Am I missing something?

>
> The above two cases need to be determined by swapcount=0,
> fix it.
>
> Signed-off-by: Zhongkun He <hezhongkun.hzk@xxxxxxxxxxxxx>
> ---
> mm/zswap.c | 35 +++++++++++++++++++++++++----------
> 1 file changed, 25 insertions(+), 10 deletions(-)
>
> diff --git a/mm/zswap.c b/mm/zswap.c
> index 74411dfdad92..db95491bcdd5 100644
> --- a/mm/zswap.c
> +++ b/mm/zswap.c
> @@ -1063,11 +1063,12 @@ static int zswap_writeback_entry(struct zswap_entry *entry,
> struct mempolicy *mpol;
> struct scatterlist input, output;
> struct crypto_acomp_ctx *acomp_ctx;
> + struct swap_info_struct *si;
> struct zpool *pool = zswap_find_zpool(entry);
> bool page_was_allocated;
> u8 *src, *tmp = NULL;
> unsigned int dlen;
> - int ret;
> + int ret = 0;
> struct writeback_control wbc = {
> .sync_mode = WB_SYNC_NONE,
> };
> @@ -1082,16 +1083,30 @@ static int zswap_writeback_entry(struct zswap_entry *entry,
> mpol = get_task_policy(current);
> page = __read_swap_cache_async(swpentry, GFP_KERNEL, mpol,
> NO_INTERLEAVE_INDEX, &page_was_allocated);
> - if (!page) {
> + if (!page)
> ret = -ENOMEM;
> - goto fail;
> - }
> -
> - /* Found an existing page, we raced with load/swapin */
> - if (!page_was_allocated) {
> + else if (!page_was_allocated) {
> + /* Found an existing page, we raced with load/swapin */
> put_page(page);
> ret = -EEXIST;
> - goto fail;
> + }
> +
> + if (ret) {
> + si = get_swap_device(swpentry);
> + if (!si)
> + goto out;
> +
> + /* Two cases to directly release zswap_entry.

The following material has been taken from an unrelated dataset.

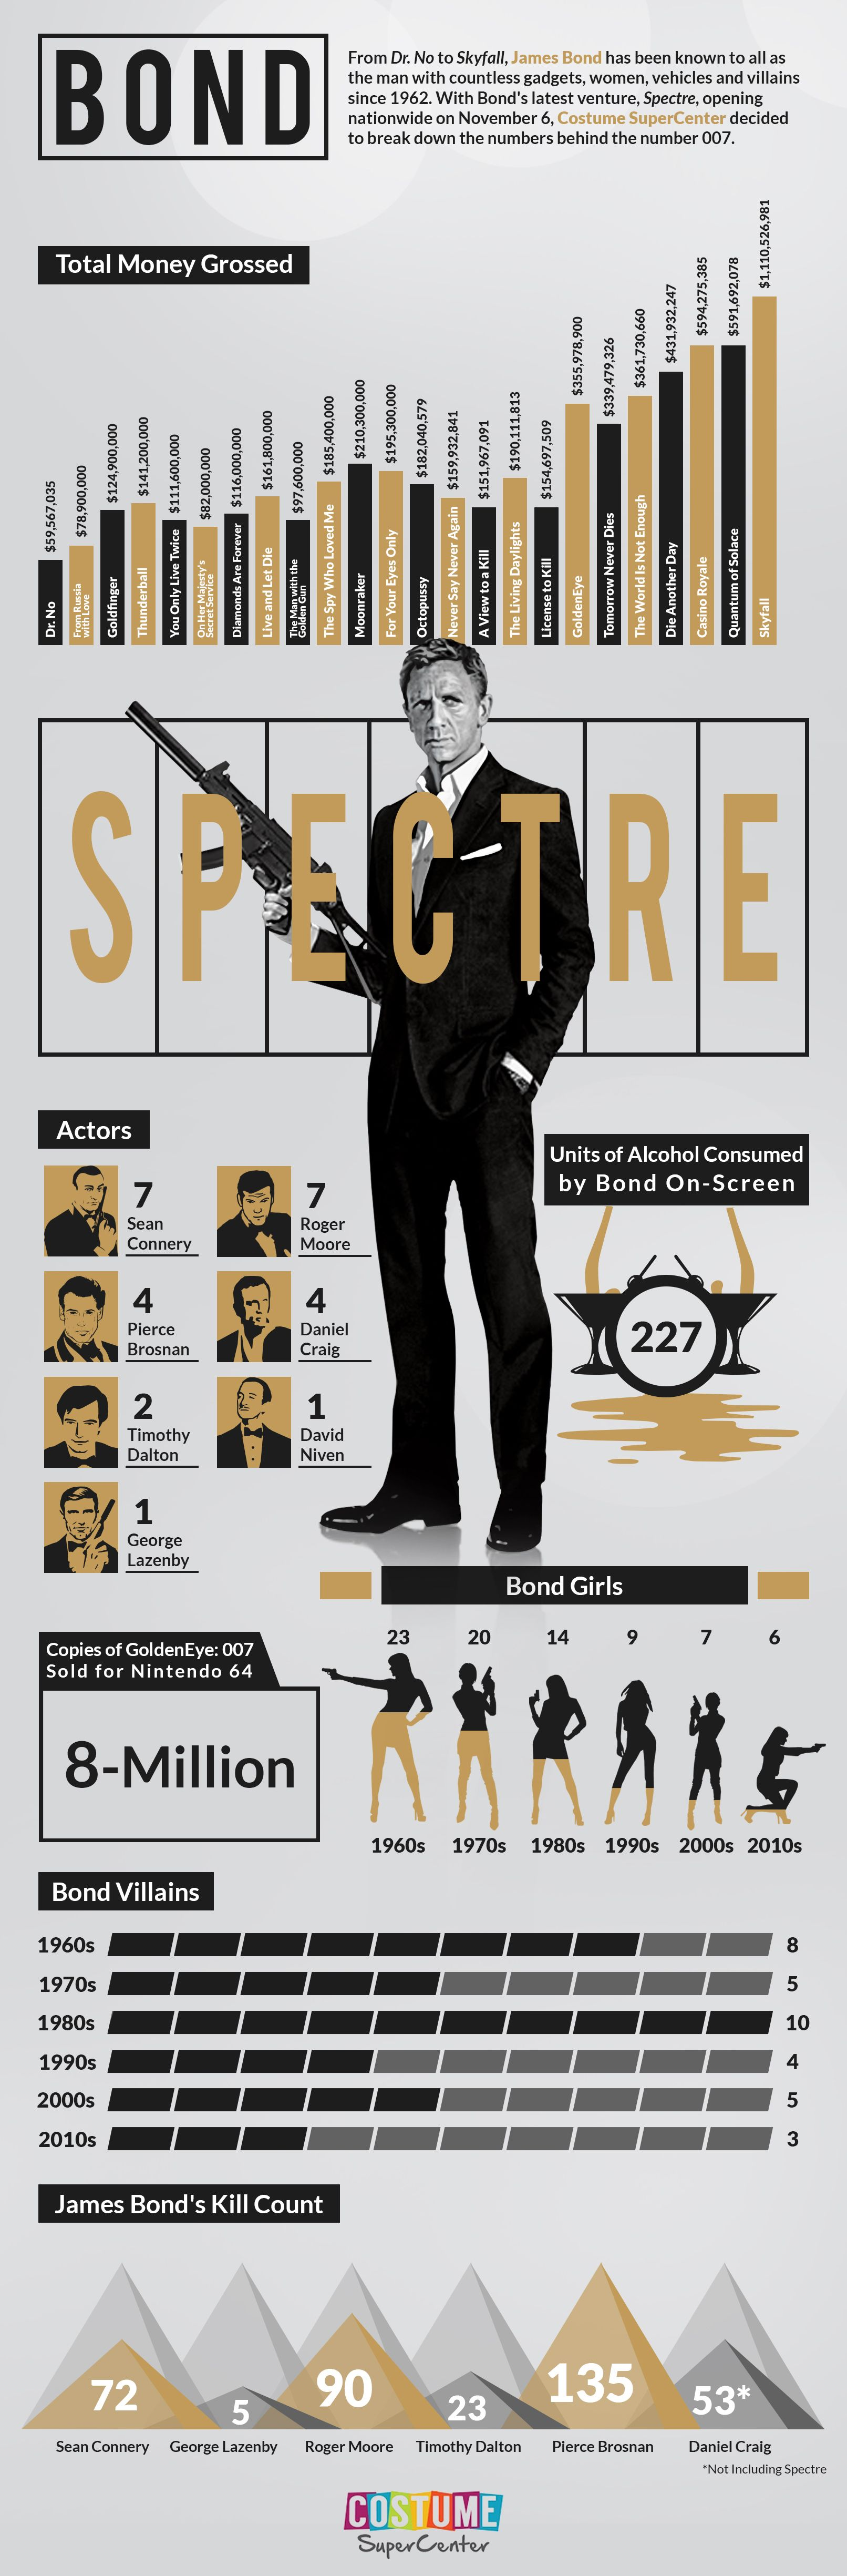 007 James Bond Daniel Craig Spectre Shooting Movie Poster Fabric Decor 116

> + * 1) -ENOMEM,if the swpentry has been freed, but cached in
> + * swap_slots_cache(no page and swapcount = 0).
> + * 2) -EEXIST, option zswap_exclusive_loads_enabled disabled and
> + * zswap_load completed(page in swap_cache and swapcount = 0).
> + */
> + if (!swap_swapcount(si, swpentry))
> + ret = 0;
> +
> + put_swap_device(si);
> + goto out;
> }
>
> /*
> @@ -1106,7 +1121,7 @@ static int zswap_writeback_entry(struct zswap_entry *entry,
> spin_unlock(&tree->lock);
> delete_from_swap_cache(page_folio(page));
> ret = -ENOMEM;
> - goto fail;
> + goto out;
> }
> spin_unlock(&tree->lock);
>
> @@ -1151,7 +1166,7 @@ static int zswap_writeback_entry(struct zswap_entry *entry,
>
> return ret;
>
> -fail:
> +out:
> if (!zpool_can_sleep_mapped(pool))
> kfree(tmp);
>
> --
> 2.25.1
>